### Exercise prompt:
Pictures are to be left out, and only the lines from the one with "Online Version für" through the last line of the listing below are to be repeated exactly.

*** Exercise data ***

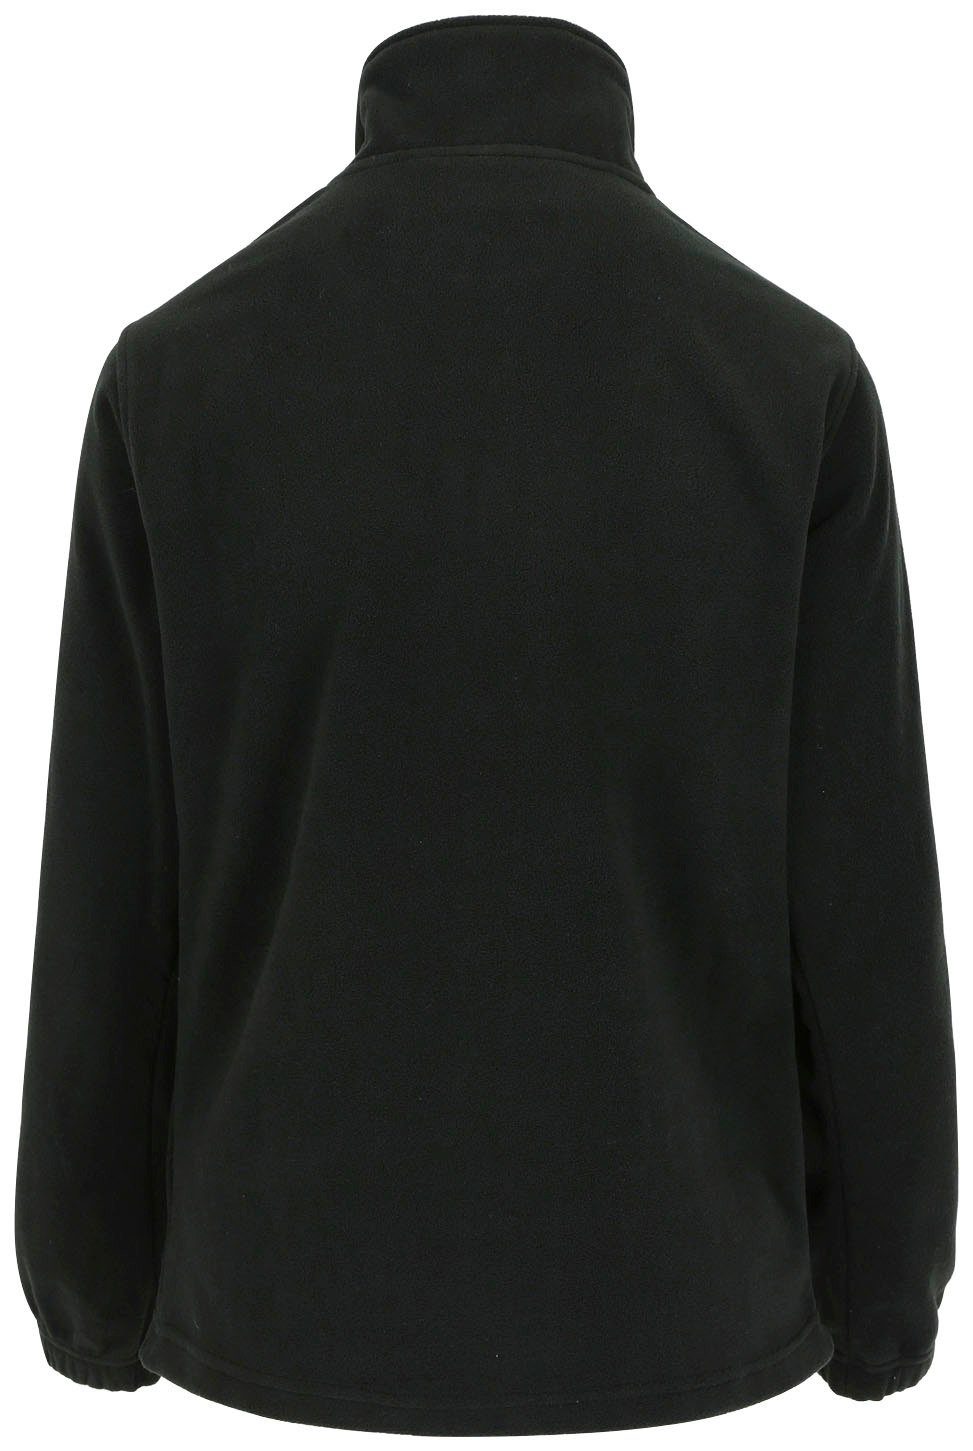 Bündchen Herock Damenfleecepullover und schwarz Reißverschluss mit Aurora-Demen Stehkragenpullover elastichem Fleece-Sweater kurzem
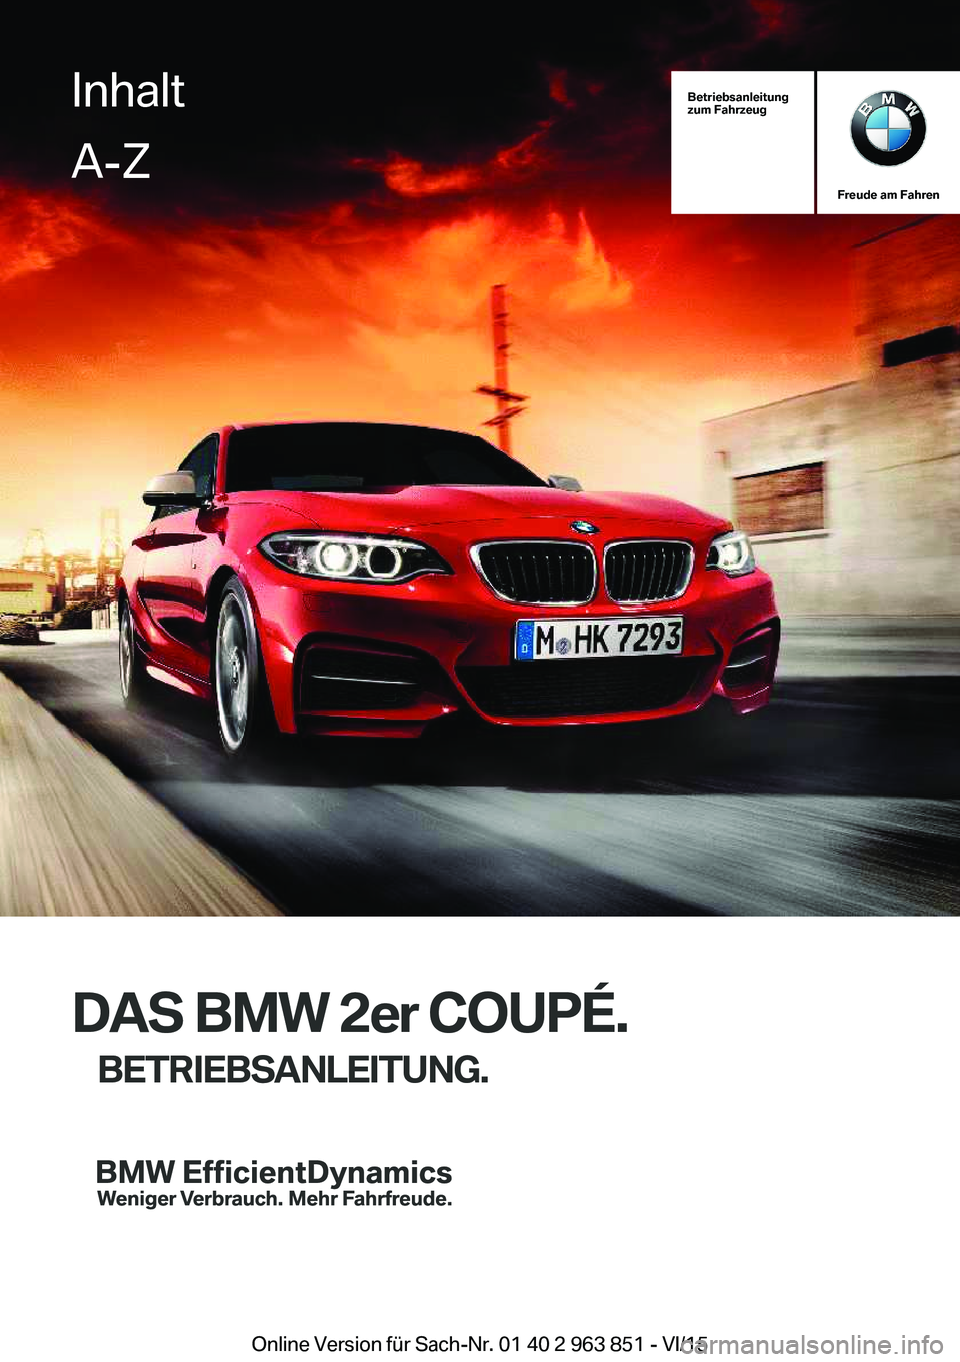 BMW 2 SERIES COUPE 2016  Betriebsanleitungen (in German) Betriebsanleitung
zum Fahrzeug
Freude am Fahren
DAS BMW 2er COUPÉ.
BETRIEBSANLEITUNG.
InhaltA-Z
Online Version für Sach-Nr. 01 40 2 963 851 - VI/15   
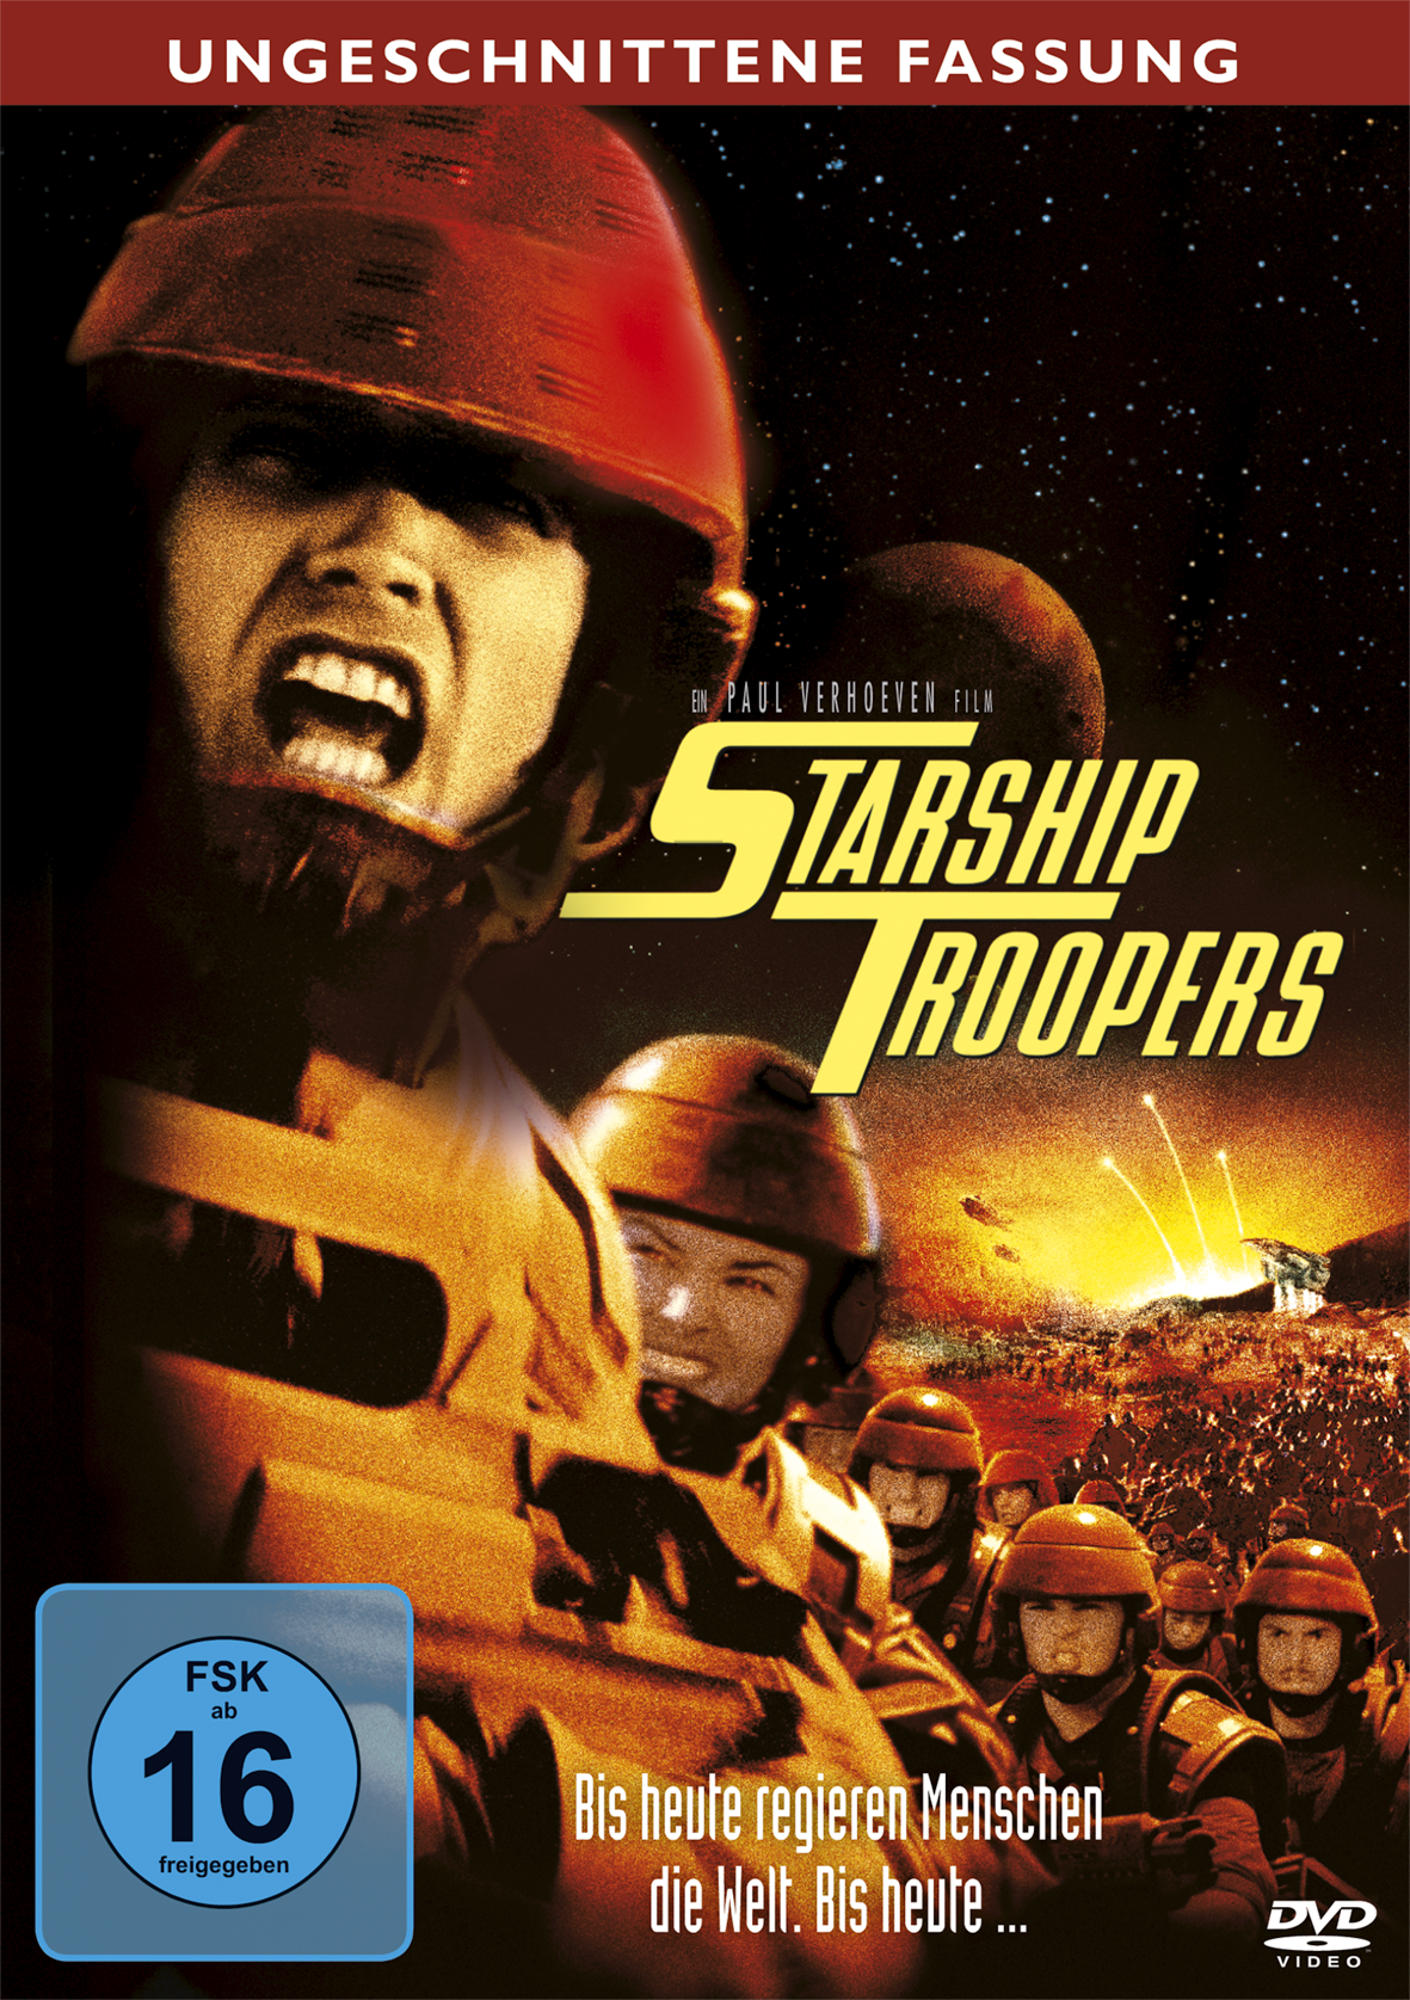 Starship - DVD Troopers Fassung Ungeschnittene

*** End of Exercise data ***

### Task response:
Online Version für Sach-Nr. 01 40 2 963 851 - VI/15   
 Starship - DVD Troopers Fassung Ungeschnittene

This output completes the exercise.